Gay Marriage: What's So Special About the Number 2?
posted by Bathus

To avoid issues of polygamy and bisexuality, proponents of gay marriage implicitly assert that the number "2" is the magical element of marriage, beyond which one need look little further. For example, David Brooks would define marriage as an "exclusive commitment" of 2 persons without regard to the partners' sex.

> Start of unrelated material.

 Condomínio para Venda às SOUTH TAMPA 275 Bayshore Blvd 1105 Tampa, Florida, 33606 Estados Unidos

That definition, an "exclusive commitment of 2 persons," is incomplete. For there is nothing about the number 2, in and of itself, that makes an "exclusive commitment" of 2 persons deserving of special social status not accorded to an "exclusive commitment" involving three or more persons of whatever sex for whatever purpose. Society's granting the special social status of "marriage" to exclusive commitments of 2 persons, while denying that special status to exclusive commitments of more than 2 persons, can be justified only to the extent that the limitation serves some social good that is not served by arrangements involving a greater number. So one must ask, "Exclusive commitment for what purpose? What is the social purpose served by society's granting special status to exclusive commitments of two persons that is not as well served by exclusive commitments of three or more persons?"

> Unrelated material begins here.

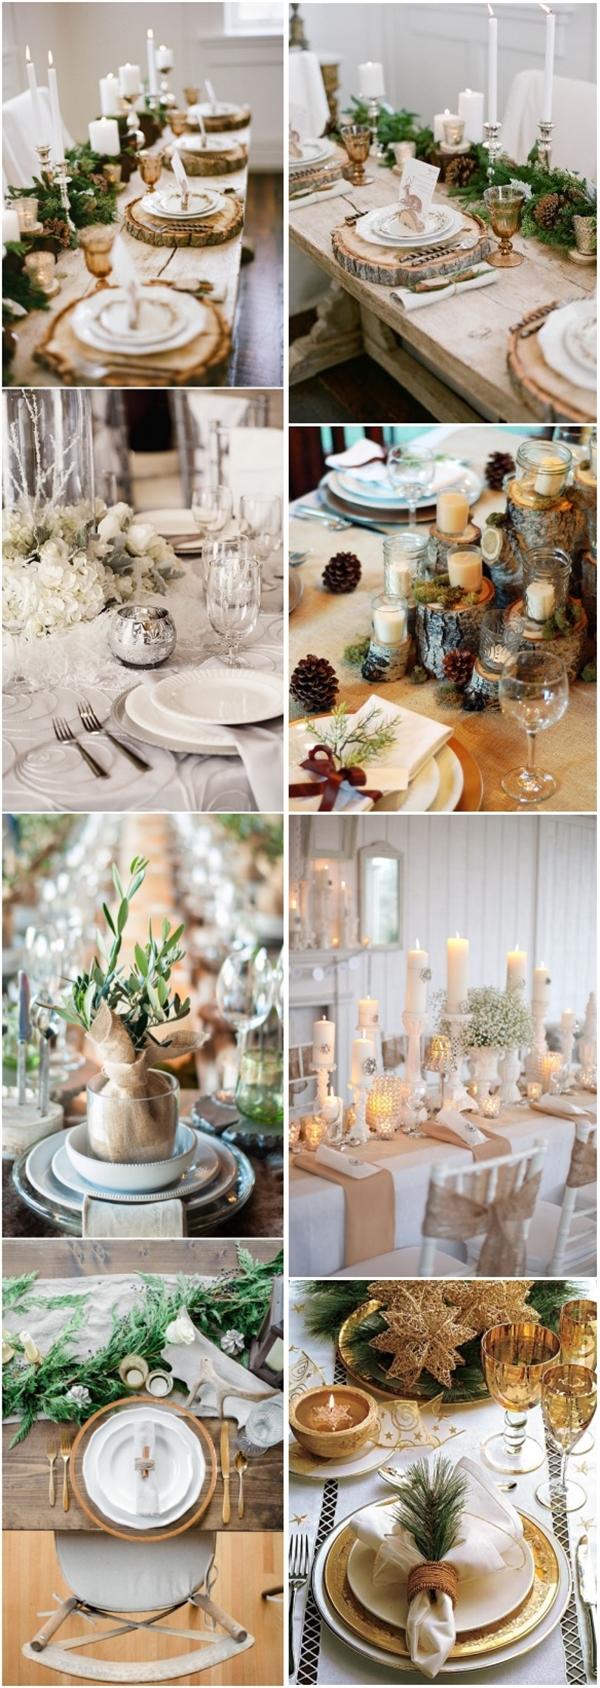 Wedding Table Ideas 30 Spectacular Winter Wedding Table Setting Ideas Deer Pearl Flowers

In the Western tradition, the answer has been that the social good served by the institution of marriage is the procreation and well-rearing of children. Indeed, this is the only social good sufficient to distinguish marriage from other formal and informal social arrangements such as loyal friendships, monogamous sexual relationships, business partnerships, intellectual collaborations, or exclusive social clubs. Thus, marriage--as a social institution--deserves its special status apart from other "exclusive commitments" only so long as it remains grounded in the procreation and rearing of children.

To preserve the special status of the number 2 with regard to the "exclusive commitment" of marriage, society must take children into account. Children are a naturally cohering end of marriage. As the fruit, the focus, and the beneficiaries of a couple's joined efforts, children secure the bonds of marriage. And marriage in turn serves and protects children. Society must resist the complacent inclination to formally accept as "marriage" whatever arrangement two (or more) persons of whatever sex happen to want to receive that designation, beginning with the vague notion that marriage is "an exclusive commitment of 2 persons."

As a husband who is father to a stepchild only, I happily admit that a childless couple can have a successful marriage. Yet the prospect of the shared blood relationship created through generation of children is the only distinctly sustainable reference point for marriage generally. That is why it still strikes most of us as odd and even unnatural when a married couple announces they don't ever want to have children. If marriage is to remain a social institution deserving of special status, the example of the heterosexual couple with naturally conceived children must remain directly accessible to view as the reference point for all marriage. Homosexual marriage, because by nature it cannot produce offspring, weakens marriage by severing it radically from its fundamental social and natural grounding.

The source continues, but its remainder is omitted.